隆科多若有所思,觉得四儿说的在理,确实是可以在安排个自己的人进去给牧瑾生孩子,正房奶奶的位置在,孩子又是自己人生的,大事成了,富贵才能多分出来几分。
四儿瞧着隆科多的样子就知道这事成了七八分了,心想,给个貌美温柔会来事的,就是把那个牧瑾挤下去也不是不可能,说到底还是看隆科多支持的是哪个,这也就要看她的本事了。
夜里王府的家宴还算顺当和谐,等到散了牧瑾几乎是急匆匆的回了院子,连弘晖等都没等,她看下头人眼睛发亮,越发不知道往哪里躲,只能去净房沐浴换衣,都好一会,也没听的弘晖进来,她才稍微放心了一些,换了自己的睡衣,光脚穿了绣花拖鞋出来,又接了丫头手里的蜂蜜水喝了一口,等转过屏风,看见穿着与白色里衣的弘晖舒展的坐在炕头看自己摆在炕几上几幅画给猫儿的画,自己就呆在了原地。
也不知道是不是因为在灯光下,弘晖面上的神情软和自然了很多,看上去没有平时那么淡漠又拒人千里之外到是亲切了不少,就是嘴角噙着的淡淡的笑意都比往常真实,真正就成了谦谦温润君子,散发着如玉的光泽,说不出的秀美俊逸。

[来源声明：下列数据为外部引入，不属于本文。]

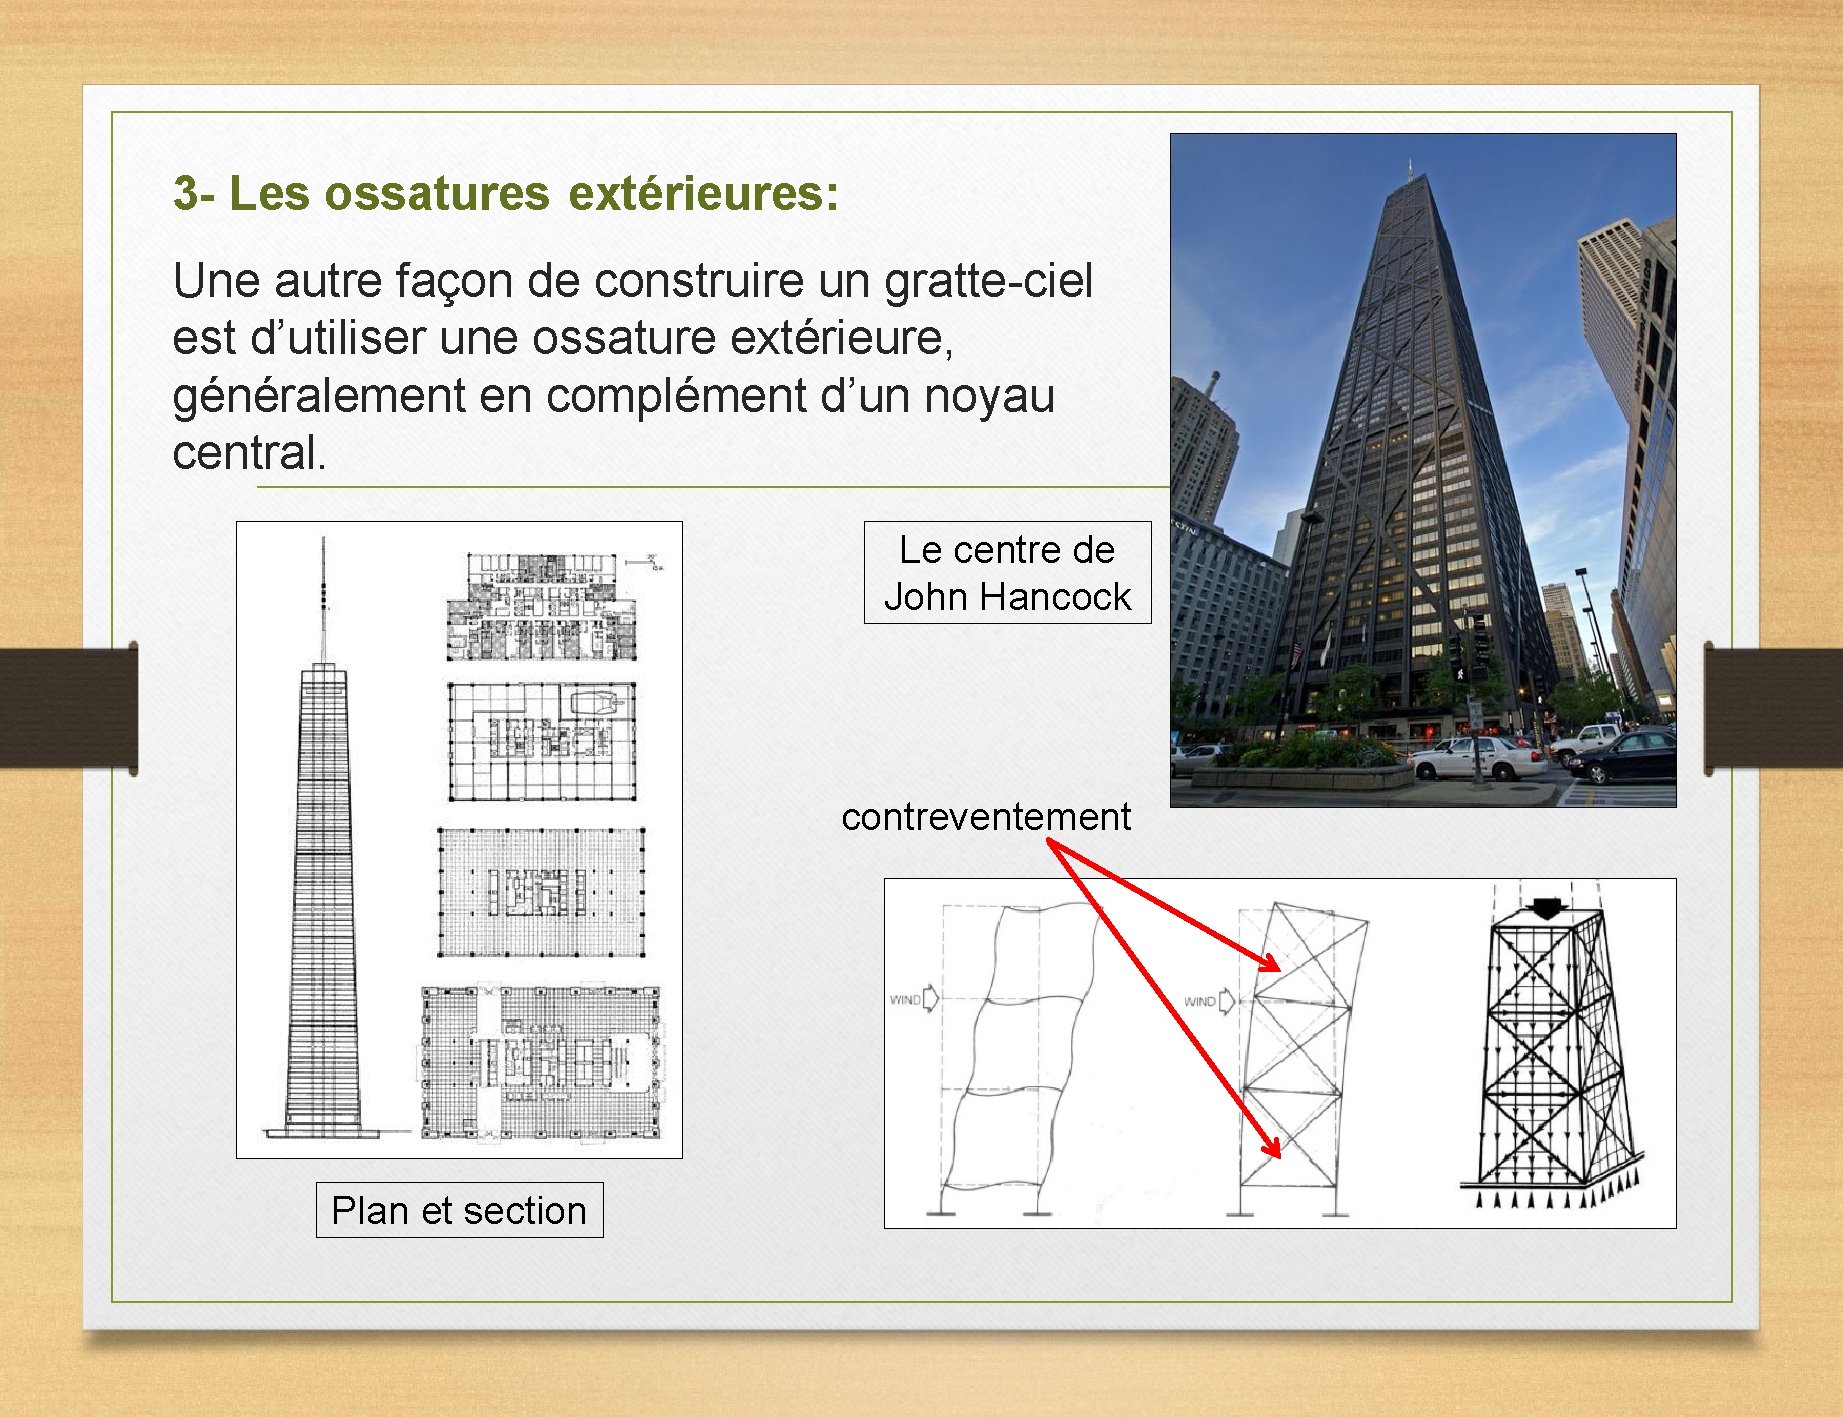 3 - Les ossatures extérieures: Une autre façon de construire un gratte-ciel est d’utiliser
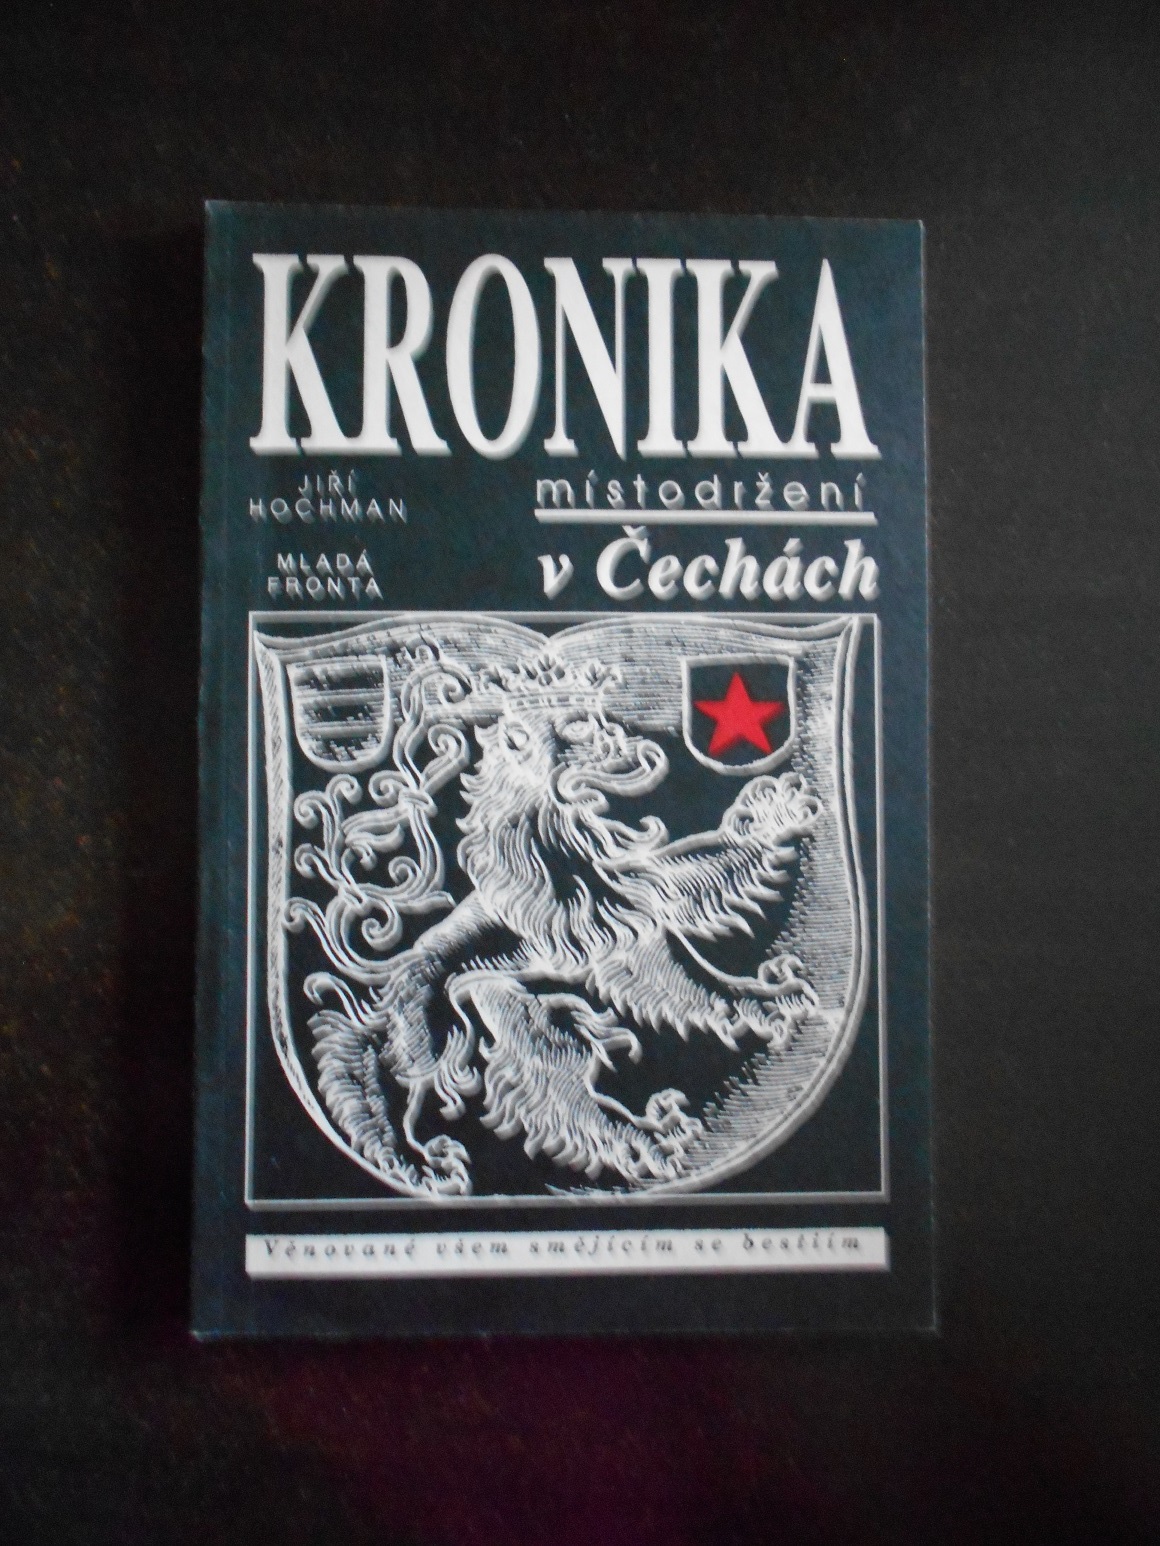 Kronika místodržení v Čechách

他大抵是觉察出了牧瑾出来,抬头看,见牧瑾穿着的衣裳竟是汉服的样子,她的面庞还有水汽晕出的粉色,那一池春水般的黑眸带着意外讶然和不知所措,小鹿般诱人,粉唇微微张着露出玉色的贝齿,白色丝绸柔软贴身勾勒出一个玲珑有致的躯体,白玉般的修长的脖颈露出,白天鹅一般优雅,衣服贴着锁骨松散向下,想来主人并未刻意收拾,那优美的□□呼之欲出,在腰间用带子松松系住,那腰身几乎一握,有弱柳扶风之姿,西施浣纱之美。
美人出浴,倾国倾城。
弘晖的眼眸微不可闻的暗了下去,仿佛不曾看出牧瑾的窘迫一般,笑着招手:“过来。”
牧瑾犹犹豫豫的站在原地,夏青看着不行,上前就扶住了牧瑾,几乎是拉着牧瑾不情不愿的走到了弘晖跟前,才要在弘晖对面安置着牧瑾坐,弘晖低头看着画道:“就坐我旁边。”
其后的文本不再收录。